Beberapa menit kemudian, Refa maju beberapa langkah. Bupati Nganjuk Marhaen Djumadi memberikan piagam hingga hadiah secara langsung kepada Refa. “Saya tidak menyangka jika bisa menang Mbakyu 2026,” ujar perempuan lulusan SMAN 1 Kertosono itu.
Ya benar, Refa tak pernah menyangka jika dirinya bisa menang. Maklum saja, lawan yang dihadapi oleh Refa tak sedikit. Jumlahnya mencapai 124 orang. Alih-alih optimis, Refa sebelumnya bahkan mengaku jika dirinya pesimis.
Namun, Refa tak mau menyelesaikan usahanya itu dengan setengah-setengah. Dua bulan sebelum grand final, dirinya belajar dengan sangat giat. Tak sedikit materi yang dibaca terus menerus setiap harinya. “Setiap hari harus belajar materi yang akan diujikan di malam grand final,” tambah perempuan yang juga pernah menang pada ajang pemilihan Duta Genre Kabupaten Nganjuk pada 2024 silam itu.
Sayangnya, di tengah-tengah masa belajar, Refa sempat buntu. Dirinya kebingungan tentang materi yang akan diujikan. Maklum saja, Refa hanya belajar seorang diri. Dirinya tak memiliki guru atau mentor untuk malam grand final.

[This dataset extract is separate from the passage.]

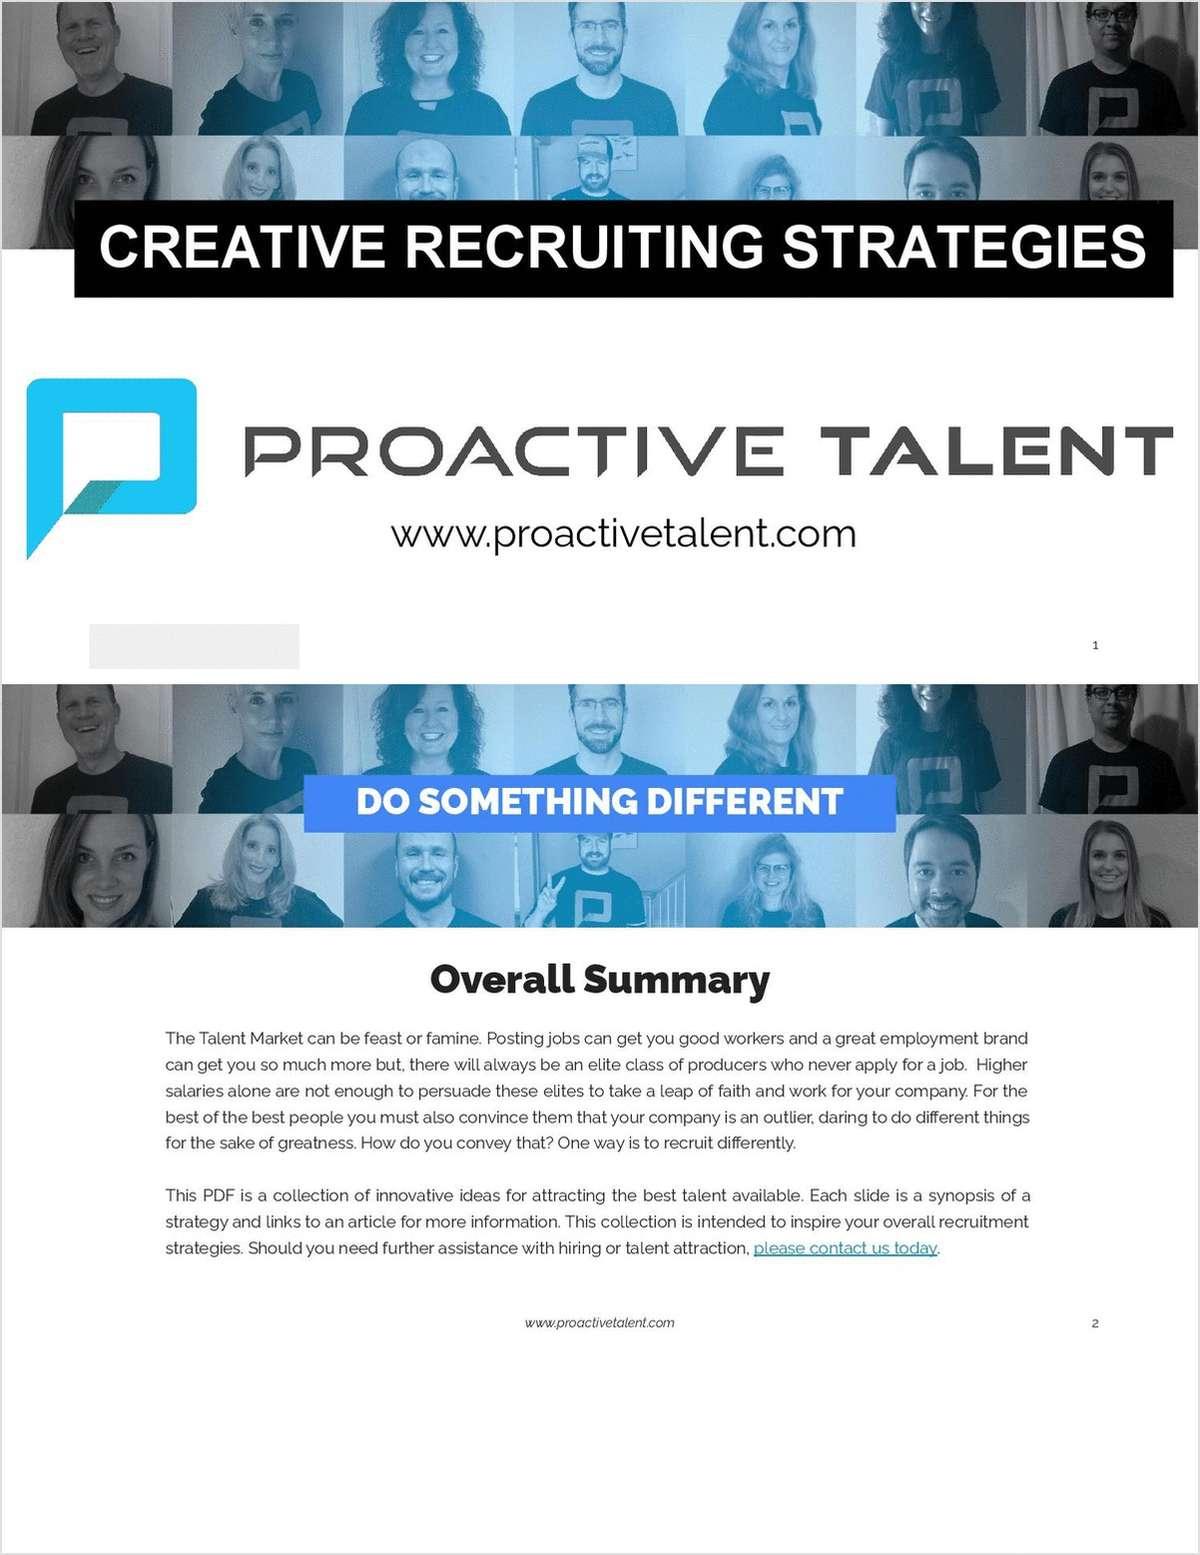 Creative Recruiting Strategies

Beruntung Refa tak kekurangan akal. Dirinya memiliki cara yang mungkin tidak dilakukan oleh peserta lain. Yakni belajar dengan artificial intelligence atau akal imitasi (AI). Ya benar, Refa memiliki belajar menggunakan AI. Hasilnya tak main-main, menurut Refa, materi yang disuguhkan oleh cukup banyak. “Jadi saya sering tanya ke AI, contohnya tentang apa yang dimaksud dengan bla..bla…bla…,” imbuhnya.
Menurut Refa, cara tersebut benar-benar berhasil. Dirinya mampu dengan mudah mencerna banyak materi yang diberikan oleh AI. Alhasil, di waktu yang hanya dua minggu, Refa mampu tampil di malam grand final dengan maksimal. “Generasi muda tidak boleh menolak AI. Justru, AI bisa digunakan untuk berkolaborasi dalam mencapai tujuan,” tandasnya.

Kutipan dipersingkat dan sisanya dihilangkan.